TREADING THE UNFAMILIAR WATERS OFSPECIAL FUND RELIEF WITHIN THE
LONGSHORE AND HARBOR WORKERS’
COMPENSATION ACT
By
Renee C. St.Clair

Pre‑Existing Permanent Partial Disability

Two theories have developed to define permanent partial disability under Section 908(f).  The first is the “economic disability theory.”  Under the “economic disability theory,” pre‑existing permanent partial disability is defined in accordance with Section 902(10) of the LHWCA, such that an incapacity to earn wages must be demonstrated.  The second theory is the “cautious employer” test.  Pursuant to the “cautious employer” test, the respondent may establish his employee’s permanent partial disability by showing that the employee had such a serious physical disability in fact, that a conscientious employer would have been motivated to discharge the handicapped employee because of a greatly increased risk of employment-related accident and compensation liability.  See C & P Telephone Co. v. Director, OWCP (D.C. Cir. 1977) 564 F.2d 503, 513.

The Ninth Circuit has embraced the “cautious employer test” in assessing pre‑existing partial disability.  Todd Pacific Shipyards v. Director, OWCP (8th Cir. 1990) 913 F.2d 1426, 1430.  For example, in Lockheed Shipbuilding v. Director, OWCP (9th Cir. 1991) 951 F.2d 1143, the Ninth Circuit granted Section 8(f) relief, finding that a seven-year history of ongoing back problems was sufficient to motivate a cautious employer to discharge the worker.  Also within the Ninth Circuit, where psychological testing revealed that the worker suffered from borderline retardation, this mental limitation was sufficient to establish pre‑existing permanent partial disability pursuant to the “cautious employer test.”  Todd Pacific Shipyards Corp. v. Director, OWCP (Mayes) (9th Cir. 1990) 913 F.2d 1426, 24 BRBS 25 (CRT).

Other conditions which have met judicial approval as pre‑existing permanent partial disability include arthritis, cervical sprain, alcoholism, diabetes, drug addiction, low IQ, bulging discs, heart disease, and degenerative changes.  It should be noted, however, that the mere fact of a past injury or ailment is not alone sufficient to establish “disability.”  Rather, as a result of the past injury or ailment, a serious, lasting physical problem must persist.  Director, OWCP v.

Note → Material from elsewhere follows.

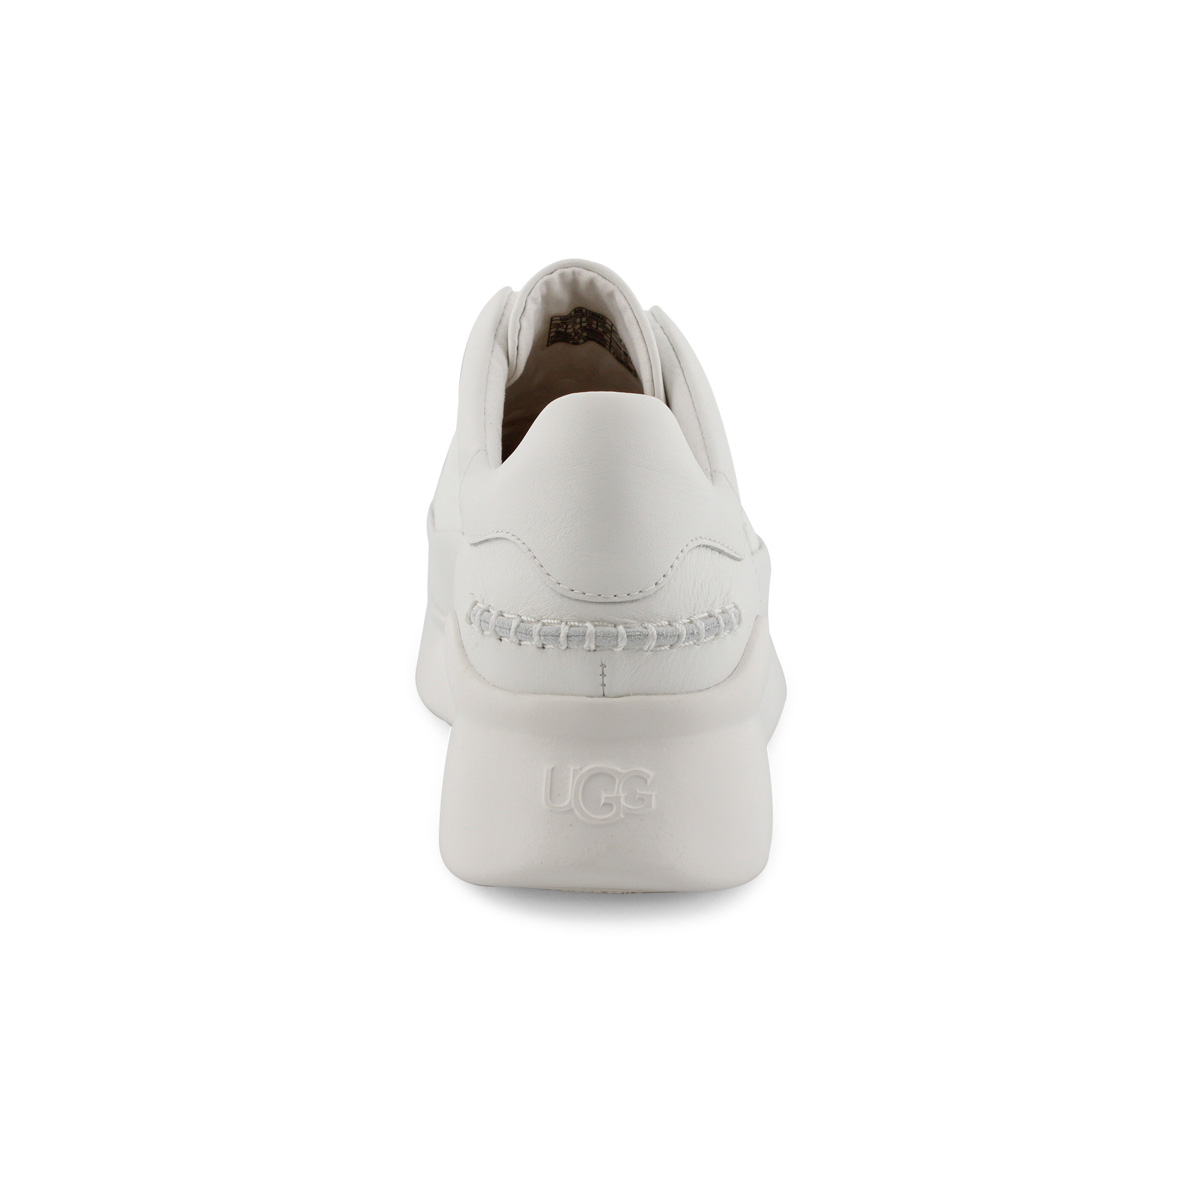 UGG Women's LIBU white slip on sneakers | SoftMoc.com

Campbell Industries, Inc. (9th Cir. 1982) 678 F.2d 836, 14 BRBS 974, rev’g Lostaunau v. Campbell Industries, Inc. (1981) 13 BRBS 227.

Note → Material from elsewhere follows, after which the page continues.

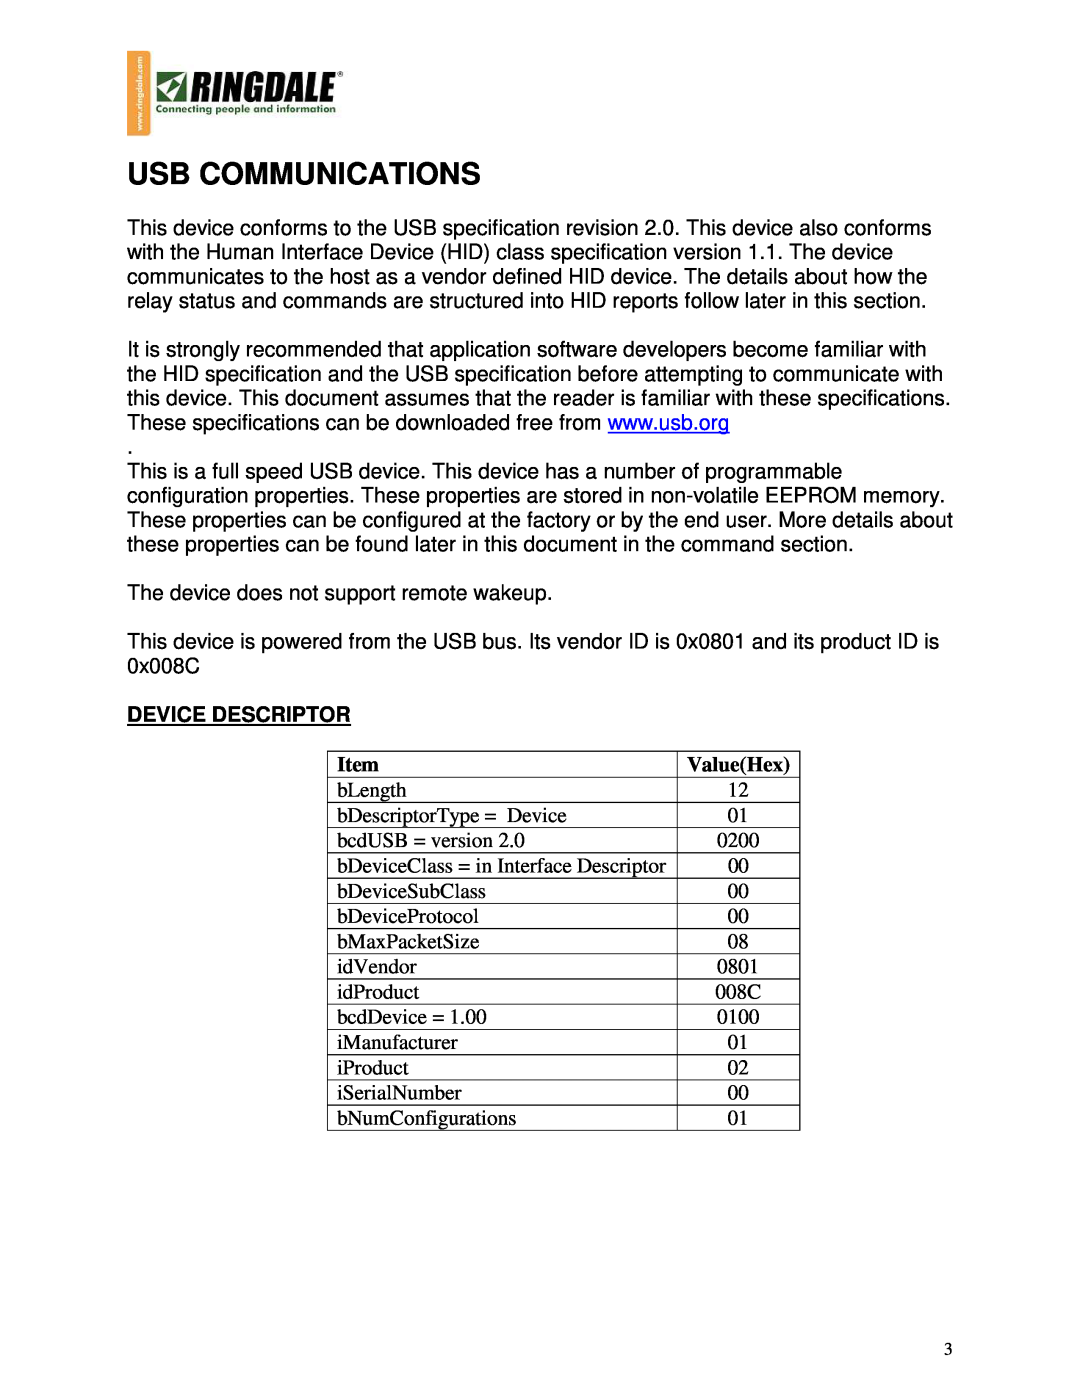 Ringdale 1543 manual Device Descriptor, ValueHex, Usb Communications

Manifestation Prong of Section 8(f)

Known as the manifestation program of Section 8(f), this judicially created requirement for obtaining Special Fund relief requires the worker’s pre‑existing permanent partial disability to be “manifest” to the employer.  This prong can be met with either actual or constructive knowledge of a pre‑existing disability.

For example, the mere existence of medical records, from which a pre‑existing condition is objectively determinable, has been deemed sufficient to meet the manifestation prong, whether or not the employer was aware of the records at the time of injury.  See C & P Telephone v. Director, OWCP (D.C. Cir. 1977) 564 F.2d 503, 6 BRBS 399.